Selenophobia is a dramatic tale about a cursed woman’s decision to be executed, before transforming into a werewolf on the night of her first full moon.


What were your inspirations when writing Selenophobia, and how can you relate to this phobia on a personal level? And what are you, personally, afraid of?


I’ve wanted to tell this story for a while. I’ve mostly done comedies, but never had an opportunity to demonstrate something dark and serious until now. The inspiration comes from 30-plus years of being a horror enthusiast, as well as having an appreciation for the classic monster movies of the 1930s and 40s. I was going for that old school style. I also wanted to do a project that would welcome the audience’s imagination.


I personally don’t have a fear of the moon, but I do fear mother nature - catastrophic storms, tornados, tsunamis, earthquakes. Unstable people with weapons scare me, as well.


I'm probably not the first one who sees traces of the werewolf genre in Selenophobia - a genre at all dear to you, and why (not)?


I love the werewolf genre as much as I love the zombie and vampire genre. Ten years ago I decided to make a werewolf film, because vampires were overused and “the children of the night” were being neglected. That film never got made, but when I wrote Selenophobia, it was my chance to fulfill that desire.
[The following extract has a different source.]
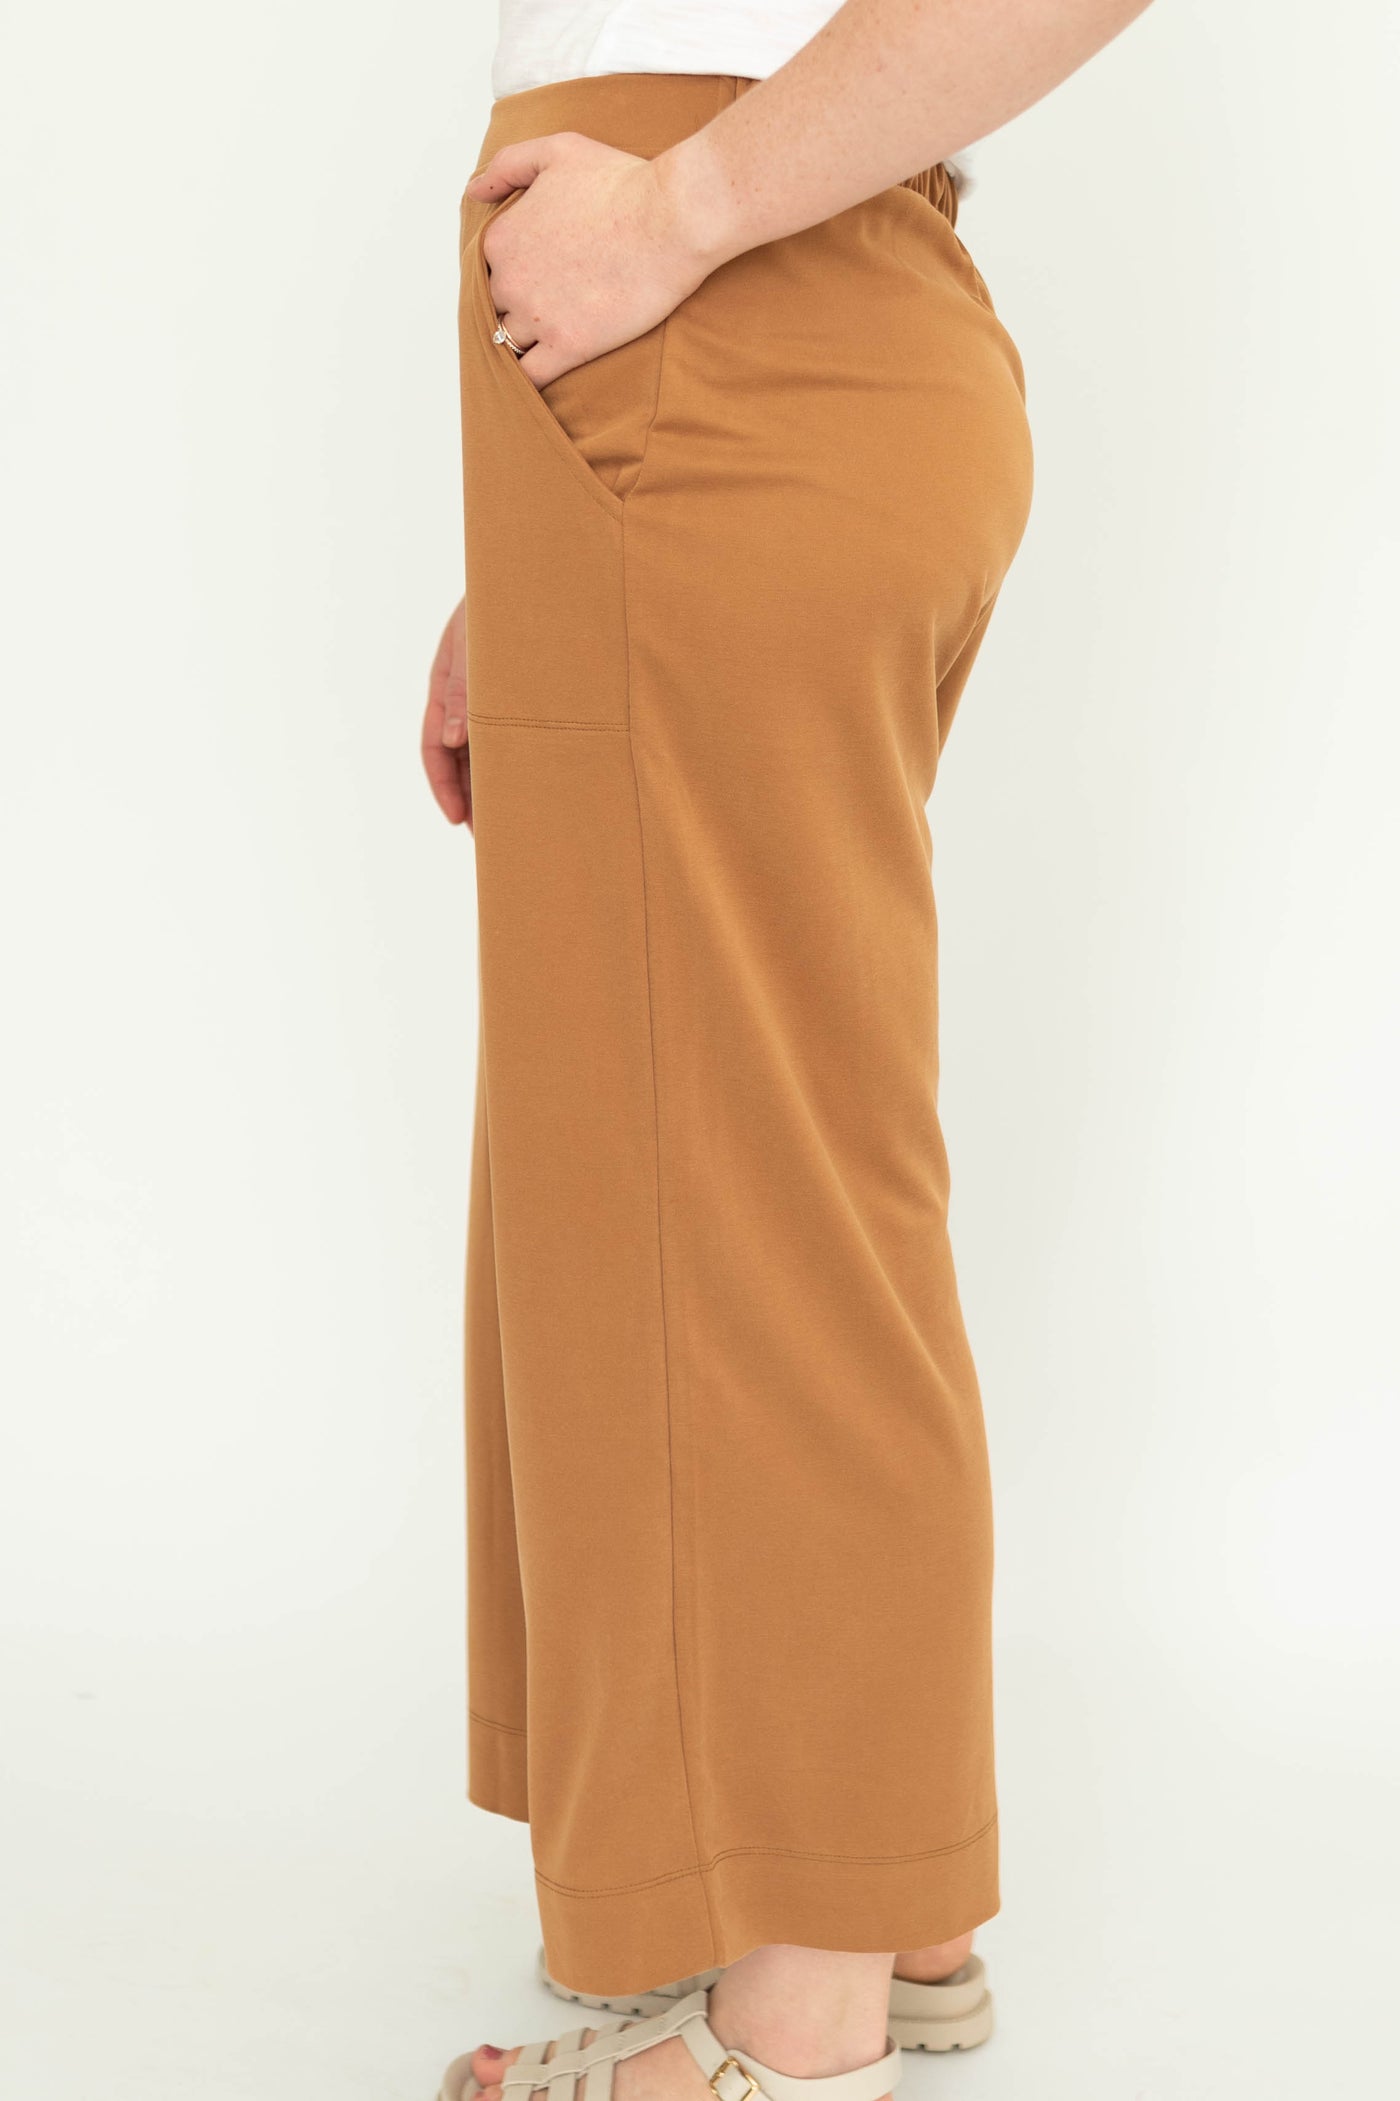 Side view of a mocha colored wide leg knit pants.

Although I’m not quite finished with werewolves yet; there’s another story I’d like to tell.


How would you describe your directorial effort to your story at hand?


Directing is something I’ve practiced and studied since I was 12-years-old, using my uncle Matt’s camcorder. I had some professional experience in the late 1990s, but nowadays, when all we need is a DSLR and a computer, the filmmaking world became a friendlier place for me. Especially after viewing some of Scott Perry’s films, I realized, “ooh, I can do this properly now!” [Scott W. Perry interview - click here] But, aside from the technical aspect, my direction on Selenophobia began with locations and storyboards. I illustrated all of my visions on paper, scanned them and edited them as a simulated movie in advance. With the simulation, I composed the soundtrack and knew exactly what the final film would be.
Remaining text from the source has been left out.